When the Fairytale Princess has a Peanut Allergy, New Picture Book Comes to the Rescue

September 20, 2011

CHAPPAQUA, N.Y., Sept. 20, 2011 /PRNewswire/ — Nearly six million children in the U.S. have food allergies, according to the journal Pediatrics, and peanut allergies are the most common. A new picture book, The Princess and the Peanut: A Royally Allergic Fairytale, by Sue Ganz-Schmitt (Wild Indigo Publishing), helps kids learn about food allergies through a fairytale classic with an allergic twist. Ganz-Schmitt, a global philanthropist and also the author of Even Superheroes Get Diabetes, has made it her mission to help children and families worldwide, and to address kids’ serious medical problems with lighthearted, informative stories. Both books are illustrated by artist and award-winning filmmaker Micah Chambers-Goldberg.

Ganz-Schmitt was inspired to write The Princess and the Peanut, www.royallyallergic.com, because her daughter’s friend had life-threatening peanut allergies. By pairing a familiar fairytale with the unfamiliar world of a potentially-fatal medical condition, the book provides a terrific resource that’s also entertaining and fun. View the book trailer: http://youtu.be/XsKTMkRNgbM.

When a peanut butter-loving prince searches for a bride and an alleged princess appears, the queen decides to test her by placing a pea underneath a pile of mattresses and sending her to bed. But the kitchen is out of peas, so the queen tries a peanut instead, only to discover a real princess with real food allergies. Will the prince give up his PB&J’s for the princess? The book includes a Q&A on food allergies and a kid-friendly glossary.

Ganz-Schmitt’s previous book, Even Superheroes Get Diabetes, was praised by the Juvenile Diabetes Research Foundation and the Philadelphia Children’s Hospital, a leader in juvenile diabetes. Originally released by Dog Ear Publishing, it will be re-released by Wild Indigo Publishing.

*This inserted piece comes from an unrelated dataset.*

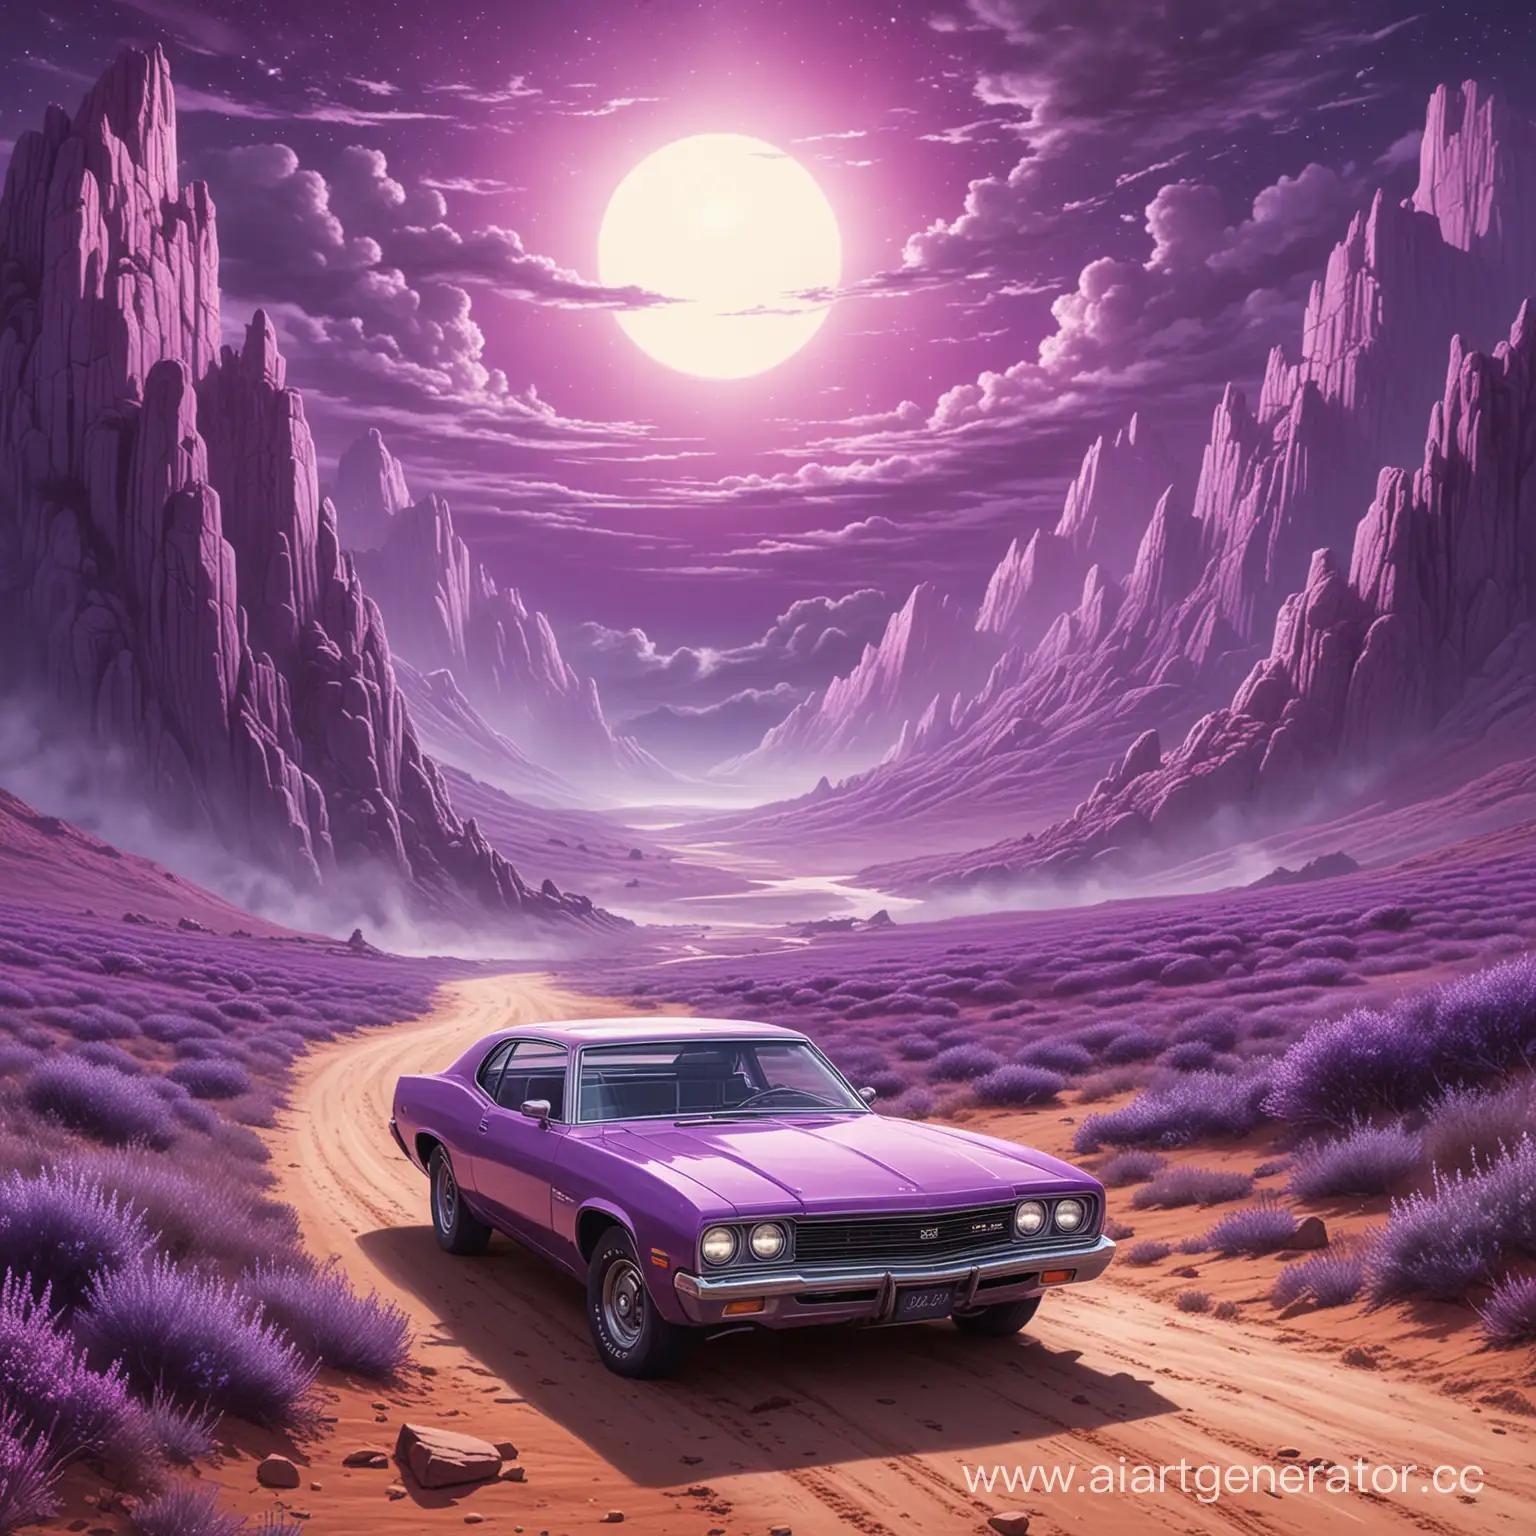 Purple-Car-Nostalgia-Vintage-Vehicle-in-Shades-of-Purple-for-Echoes-of-Serenity-Track-Cover
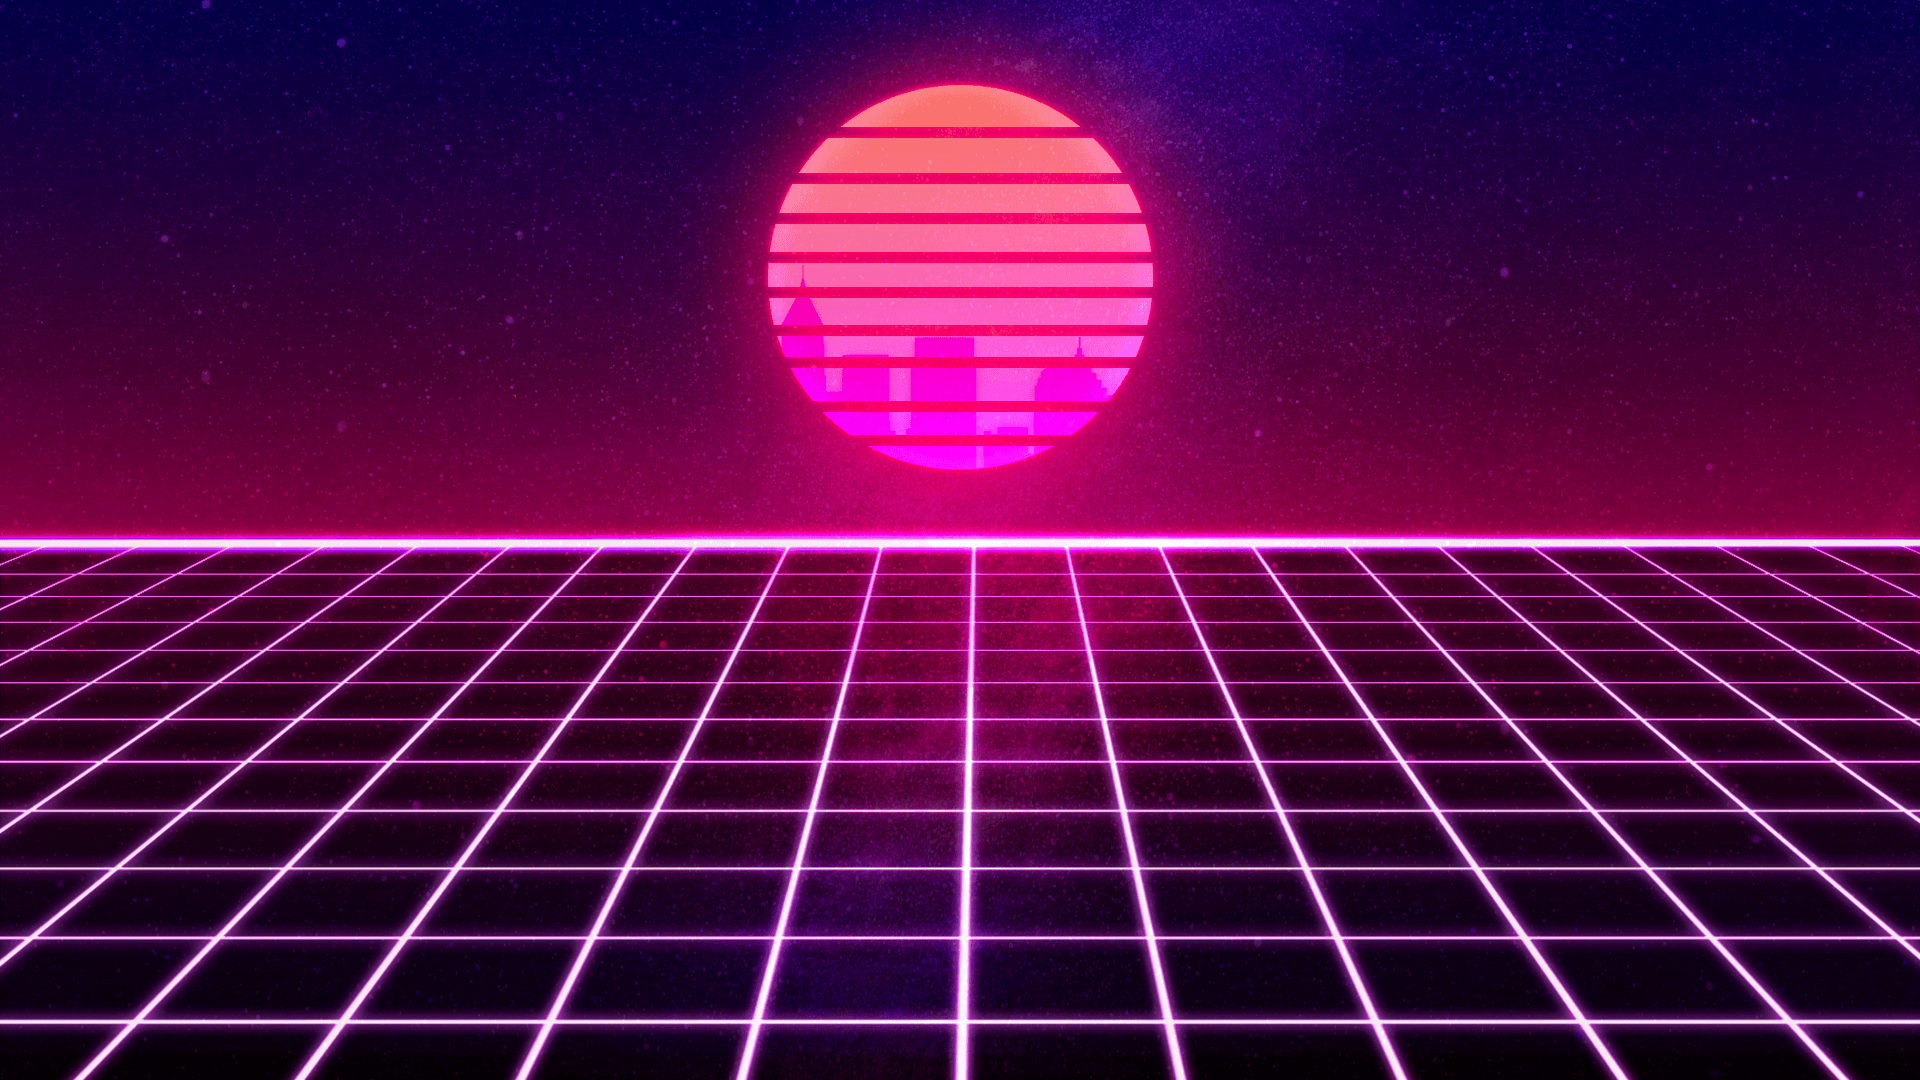 The 80s Wallpapers - Wallpaper Cave

Author and philanthropist Sue Ganz-Schmitt co-founded a Haitian AIDS orphanage, traveled to China to help medically-challenged orphans, and established a birthing clinic in rural India. Her writing has been inspired by children with diabetes, severe allergies, and leukemia. A Los Angeles resident, Ganz-Schmitt also produces children’s musical theater.

Micah Chambers-Goldberg wrote and directed the award-winning live-action short, The Lifter Upper. His animated short, Who Stole the Mona Lisa?, premiered at the Philadelphia International Festival Of The Arts. He’s illustrated children’s books, designed toys and showroom environments, and painted live, on-stage, for Def Poetry Jam.